Stability Analysis of Non-Linear Classifiers using Gene Regulatory Neural Network for Biological AI

The Gene Regulatory Network (GRN) of biological cells governs a number of key functionalities that enables them to adapt and survive through different environmental conditions. Close observation of the GRN shows that the structure and operational principles resembles an Artificial Neural Network (ANN), which can pave the way for the development of Biological Artificial Intelligence. In particular, a gene's transcription and translation process resembles a sigmoidal-like property based on transcription factor inputs. In this paper, we develop a mathematical model of gene-perceptron using a dual-layered transcription-translation chemical reaction model, enabling us to transform a GRN into a Gene Regulatory Neural Network (GRNN).

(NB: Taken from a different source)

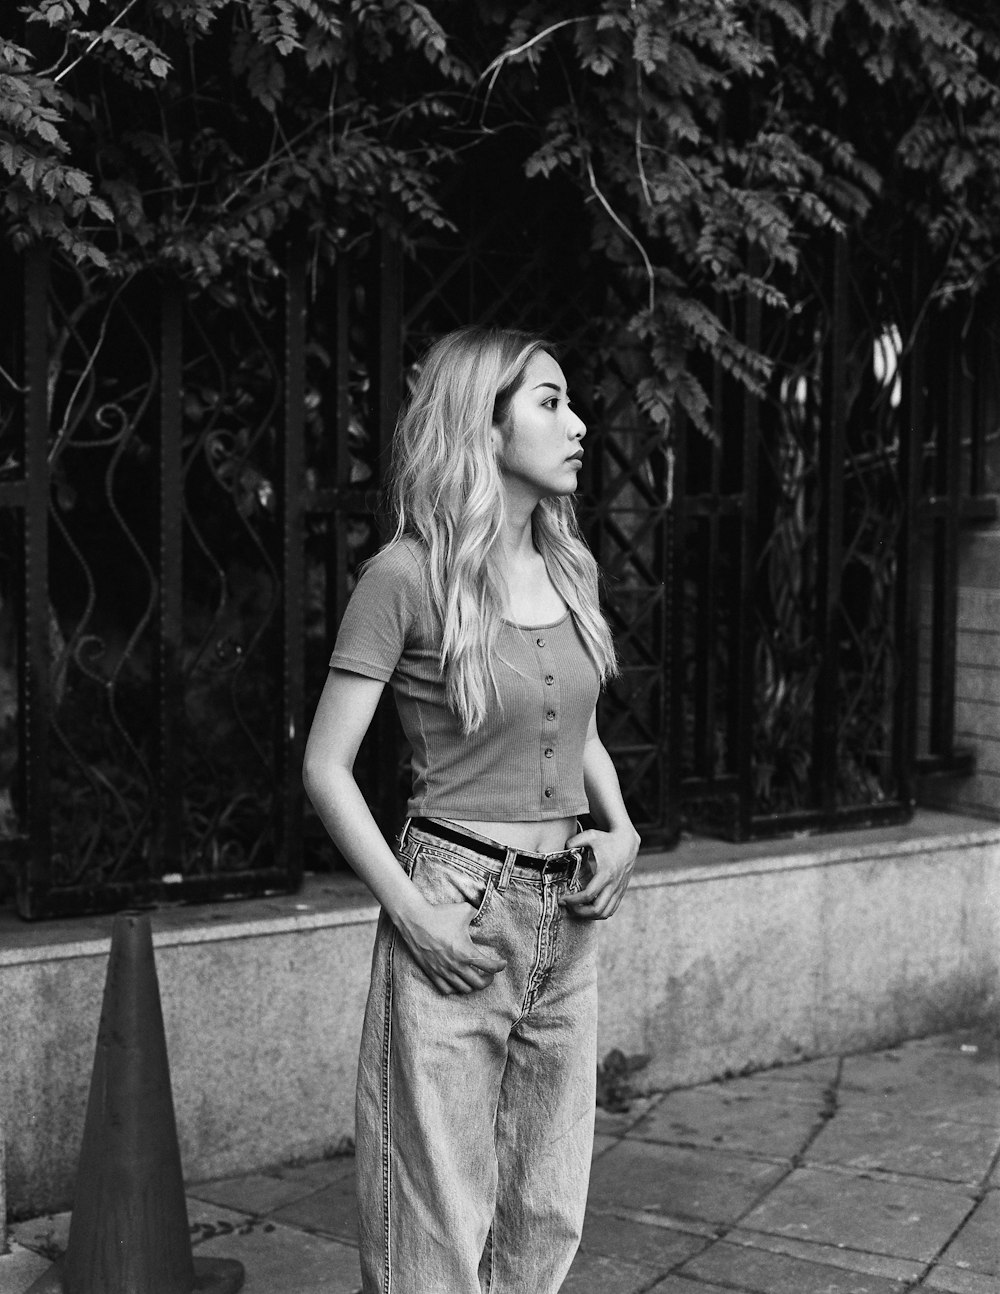 woman in tank top and denim jeans standing on concrete pavement in grayscale photography

We perform stability analysis for each gene-perceptron within the fully-connected GRNN sub network to determine temporal as well as stable concentration outputs that will result in reliable computing performance. We focus on a non-linear classifier application for the GRNN, where we analyzed generic multi-layer GRNNs as well as E.Coli GRNN that is derived from trans-omic experimental data. Our analysis found that varying the parameters of the chemical reactions can allow us shift the boundaries of the classification region, laying the platform for programmable GRNNs that suit diverse application requirements.